HMMs and Profiles

Slide presentation

The slide presentation about HMMs and Profiles in pdf format (2 slides per page).

Exercise

Today we will build a protein profile (HMM and generalized profile) starting from scratch.

The first thing to do is to recover the sequence we want to analyze. We will use the MLTD_ECOLI protein from E. coli.

Copy the sequence in your directory:

• cp /home/lcerutti/MLTD_ECOLI.fasta .

A first look at the protein

Use Dotlet to look at the protein. Compare your protein against itself.

• Questions:
• Change the parameters of the dotplot and look at the changes.
• What is the structure of the protein?
• There are any repeats? If yes how many?
• In how many parts will you split the sequence before running a PSI-BLAST?

PSI-BLAST search

Now that you have an idea about the regions of the protein you can use each one of the regions for a PSI-BLAST search.

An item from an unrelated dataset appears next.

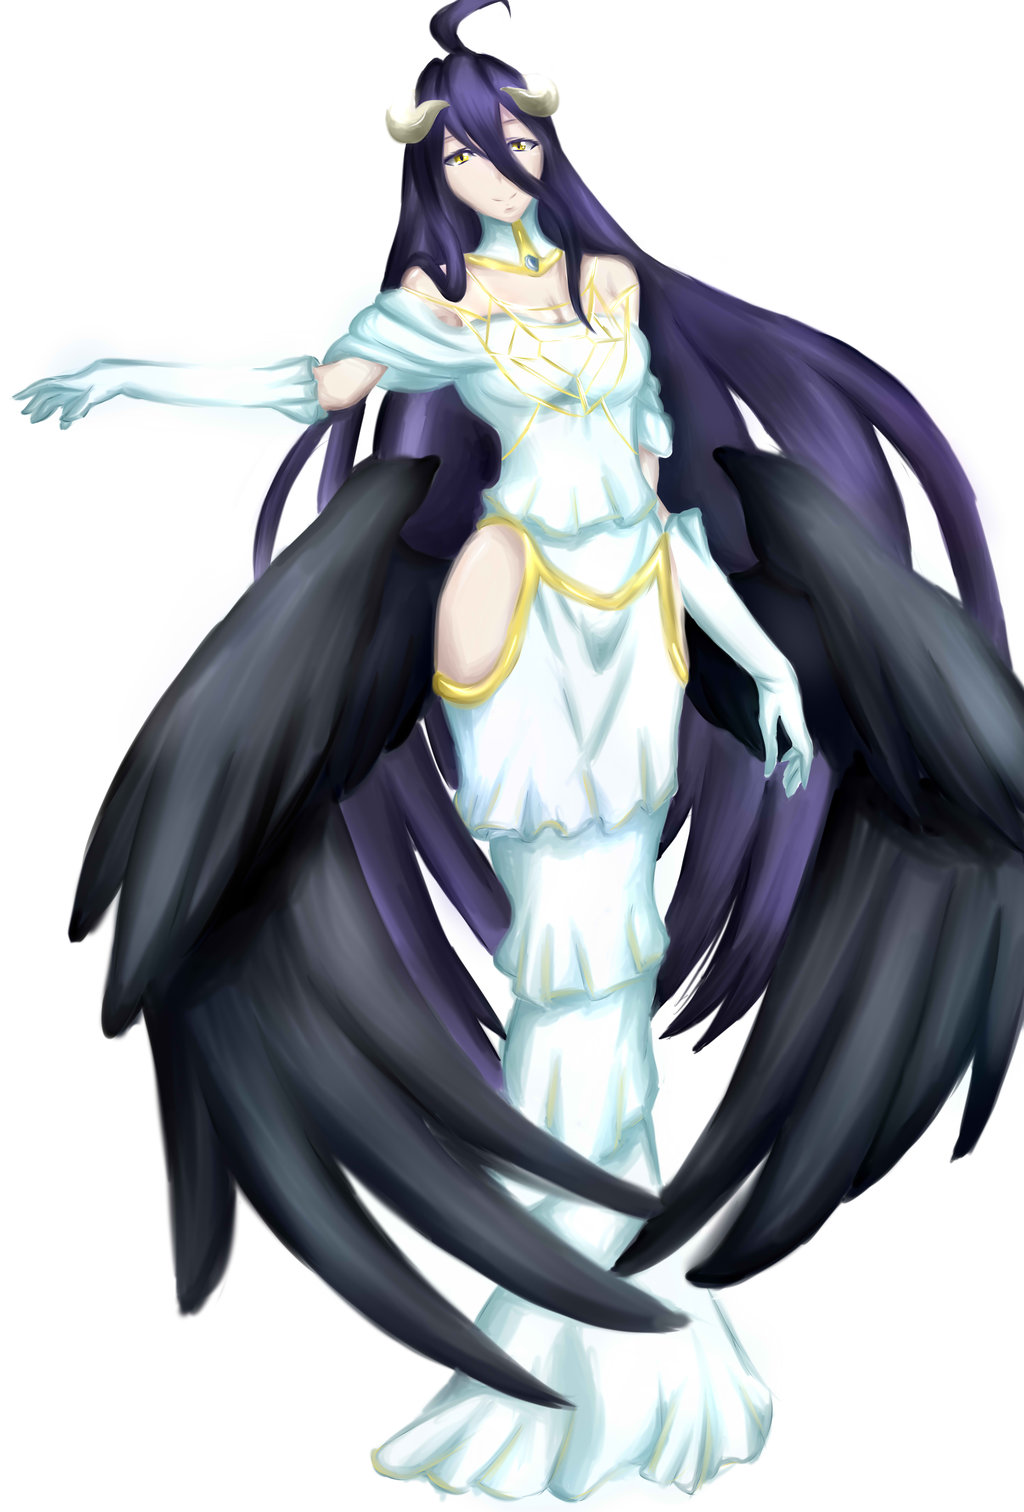 Albedo Overlord Part Link On The Descripition By Suikii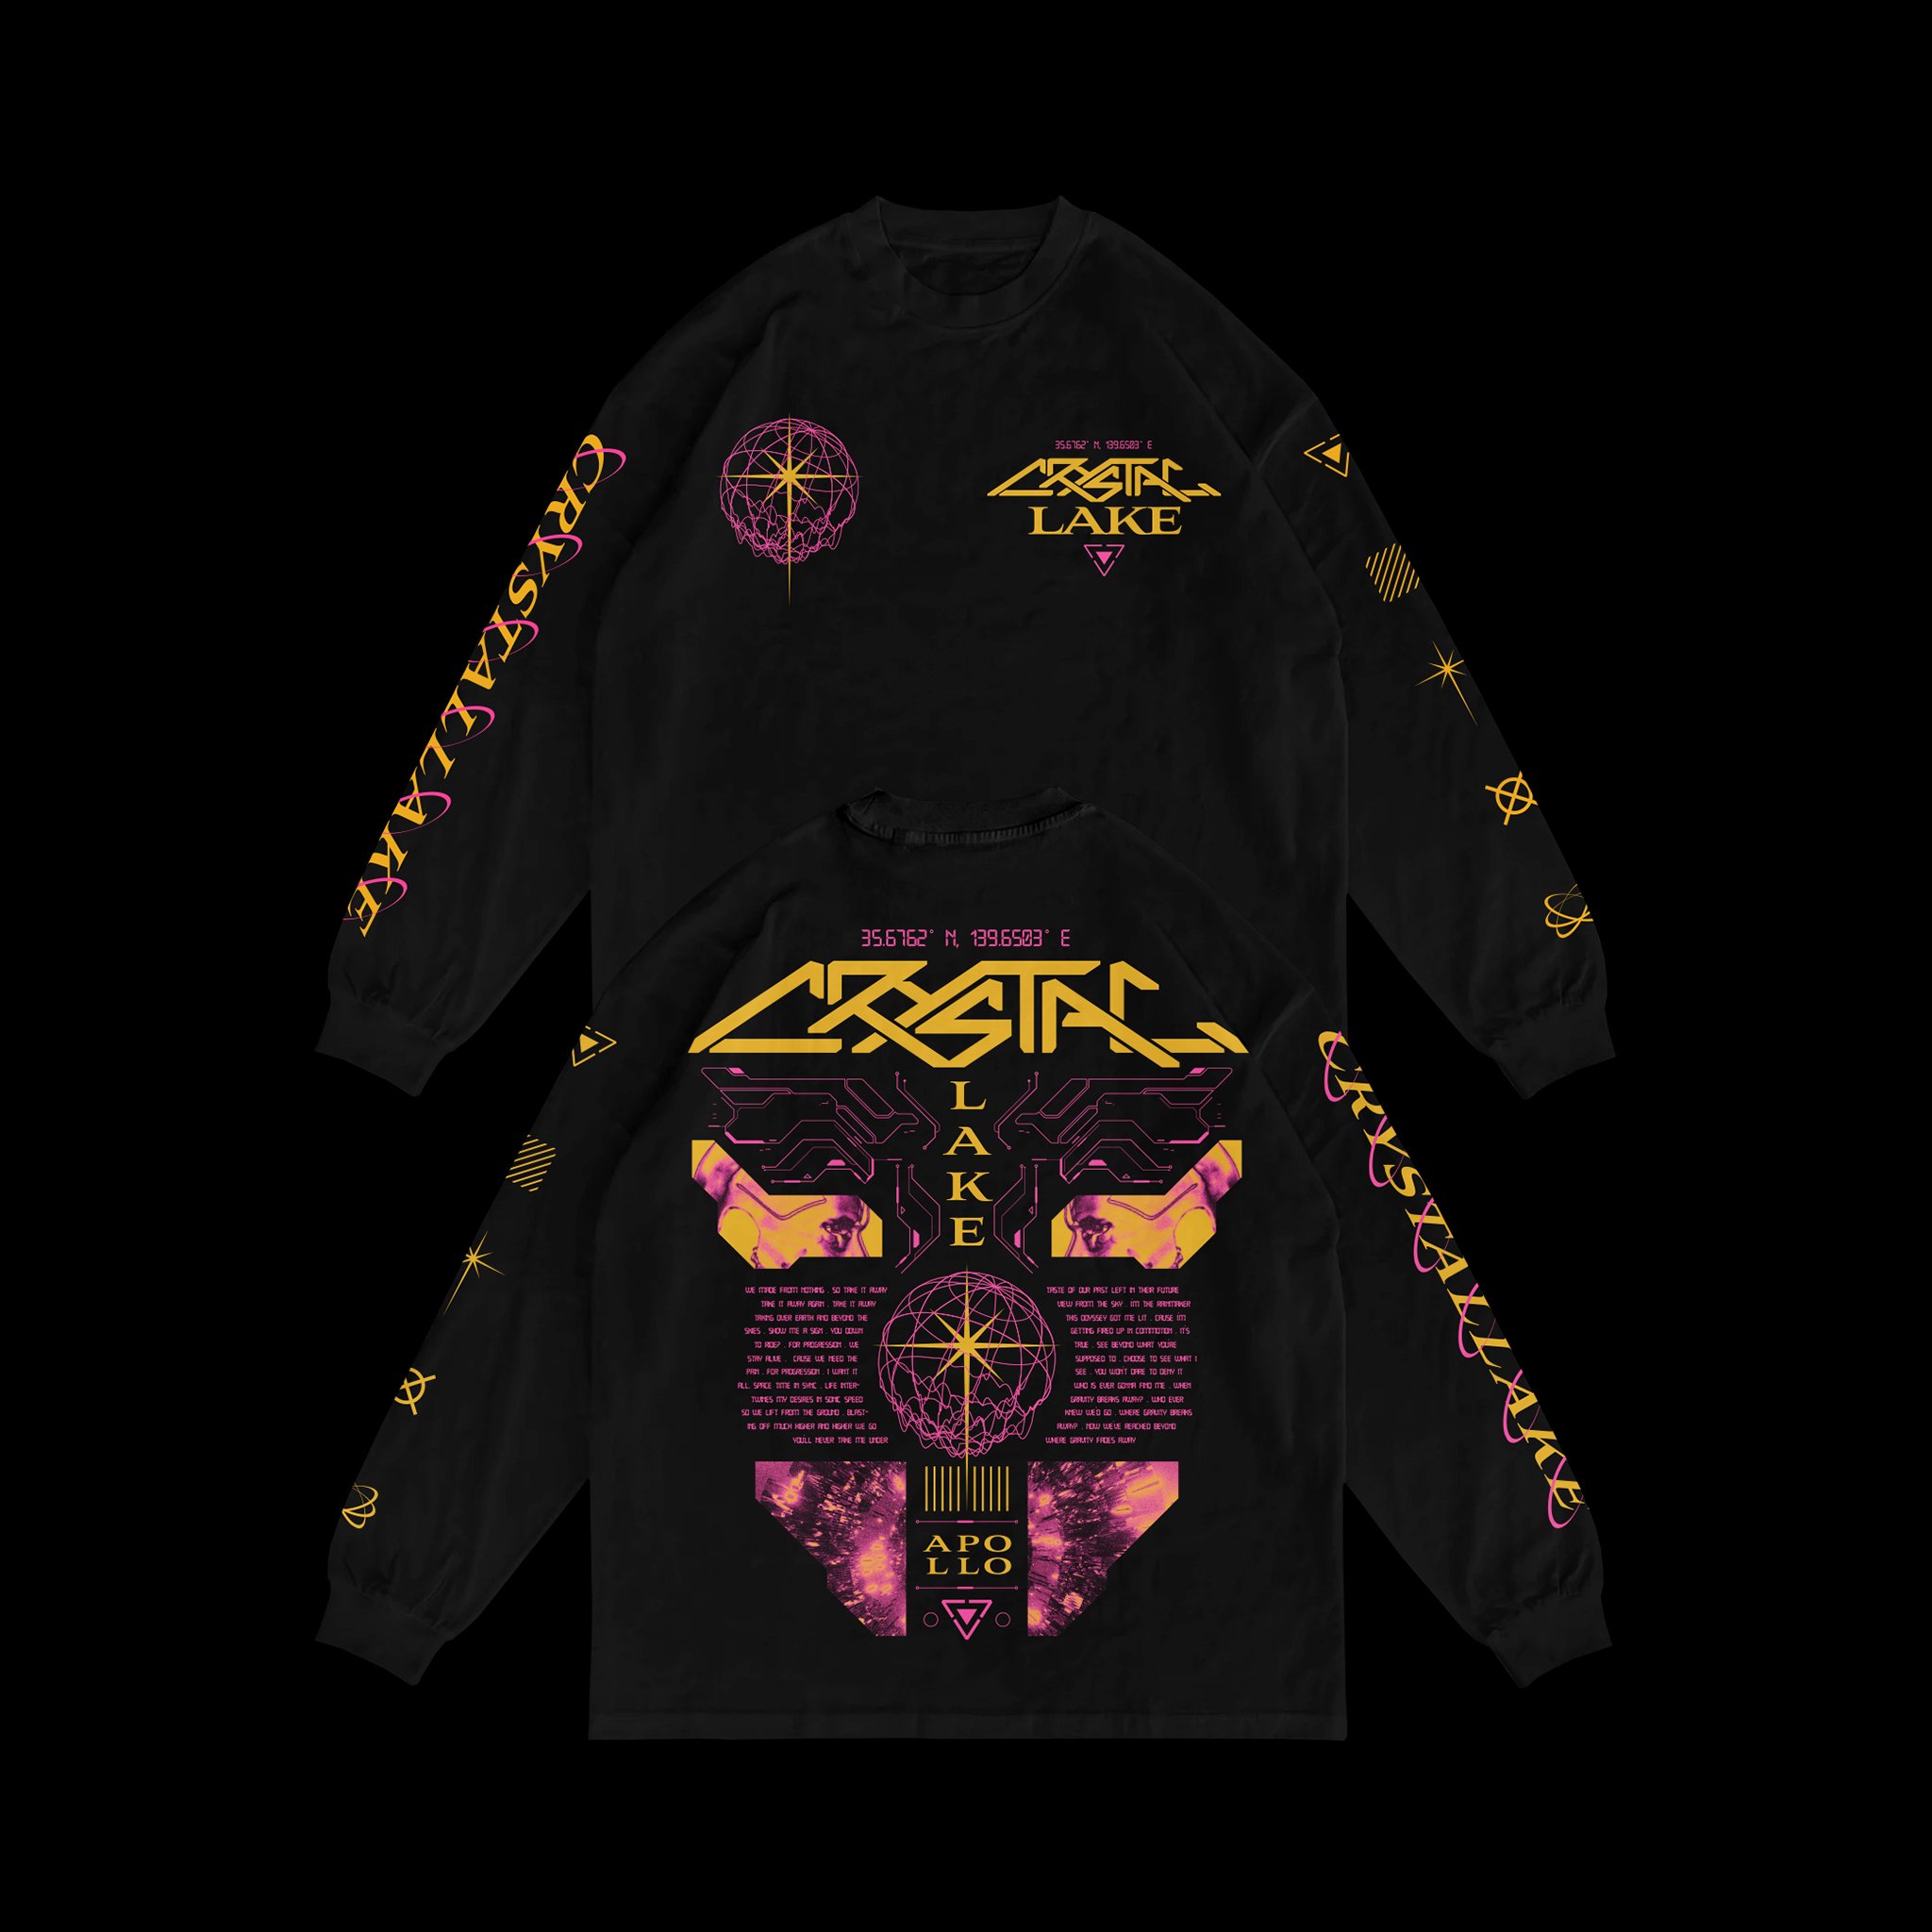 Check out this #flashbackfriday longsleeve I designed for @crystallake777 in late 2020. It was my first venture into a cyberpunk-style layout, and though I've learned a lot since then, this one still holds a special place for me. As if the layout was

• To cut your protein you can use the "extractseq" tool from EMBOSS, by hand (copy-paste philosophy), or more simply fetch directly the sub-sequences:

  fetch -f sw:MLTD_ECOLI[start_pos..end_pos] > seq_file.fasta

• For each sub-sequence run a PSI-BLAST against SWISS-PROT:

  blastpgp -d swiss -i seq_file.fasta -j 10 -h 0.0001 > out.psi

• Questions:
• Have a look at the PSI-BLAST output files.
• Notice that the search converged. What does it mean?
• What happens if you use an inclusion value of 0.01 (-h 0.01)?

Recover the PSI-BLAST results

We now recover all sequences from the PSI-BLAST results with an e-value lower than a specified threshold.

To avoid doing this by hand (... quite annoying!) use this little script extract_psi_seq.pl.

• Run the script against your PSI-BLAST results:

  extract_psi_seq.pl -e 1e-4 out.psi > out.psi.fasta

Build a multiple alignment

To build the multiple alignment we will use clustalw (some documentation here).

• Build multiple alignments:

  clustalw -infile=out.psi.fasta

• Have a look at the results (the alignments are found in the .aln files).
• To have a nice view of the alignment use jalview:

  jalview out.psi.ali CLUSTAL

• Questions:
• What do you think about these alignments?
• Are they good to build a profile?

Build the profile

Open the alignment corresponding to the N-term region of your protein with jalview and redefine the N-term and C-term regions of the alignment (use the "Remove sequences" left and right in the Edit menu).

Save the new alignment in MSF format as 'profile.msf'.

Now we will build the profile using HMMER2 package

• Run hmmbuild:

  hmmbuild -f profile.hmm profile.msf

  Observe the output produced by the program. You can read a lot of information about the building of the HMM profile, as for example that it uses Dirichlet priors.

  The given scores are also very useful:

  Constructed a profile HMM (length 149)
  Average score:      227.25 bits
  Minimum score:      199.93 bits
  Maximum score:      249.33 bits
  Std. deviation:      13.78 bits
  

  If the minimum score is very low (~10), then the HMM is not modeling some of the sequences well (not in the same family or mis-aligned).

• Before using the profile-HMM against a database, we must calibrate it to have good estimates of statistical significance for database matches.

  Run hmmcalibrate:

  hmmcalibrate --num 1000 profile.hmm

  The --num 1000 parameter means that 1000 sequences are randomly generated. The default which should be used in preference is 5000.

  The mu and lambda parameters produced by hmmcalibrate represent the extreme value distribution of the noise.

  HMM    : profile
  mu     :    -8.995543
  lambda :     0.763559
  max    :    -0.051000
  

• Question:
• How does it look the file 'profile.hmm'? Try to understand it. (HMM files produce by HMMER2 are well explained in the HMMER User's Guide.
• Search a database with the HMM profile:

  hmmsearch -Z 102504 profile.hmm small_db.seq > hmmsearch.output

  Here we use a small database (small_db.seq) for our search (hmmsearch is very CPU expensive!!). To avoid scoring problems we artificially the number of sequences of the database as the number of sequences found in Swissprot (-Z 102504).

  Have a look at the hmmsearch output (more hmmsearch.output). The output is divided in three part. Try to understand them.

Rebuild an alignment

We can use the sequences found by hmmsearch to rebuild a profile.

Retrieve the sequences from the file hmmsearch.output using the script hmmsearch_get_seq.pl:

hmmsearch_get_seq.pl hmmsearch.output > profile2.fasta

Align the sequences to the existing profile:

hmmalign -q profile.hmm profile2.fasta | selex2f > profile2.aln

• Questions:
• Are you satisfied of the alignment?
• How could you improve the alignment
• Try to improve it and rebuild a new profile. Do a new search against the protein database with the new profile.

Ouff! You deserve some freedom ... yeah, LUNCH TIME!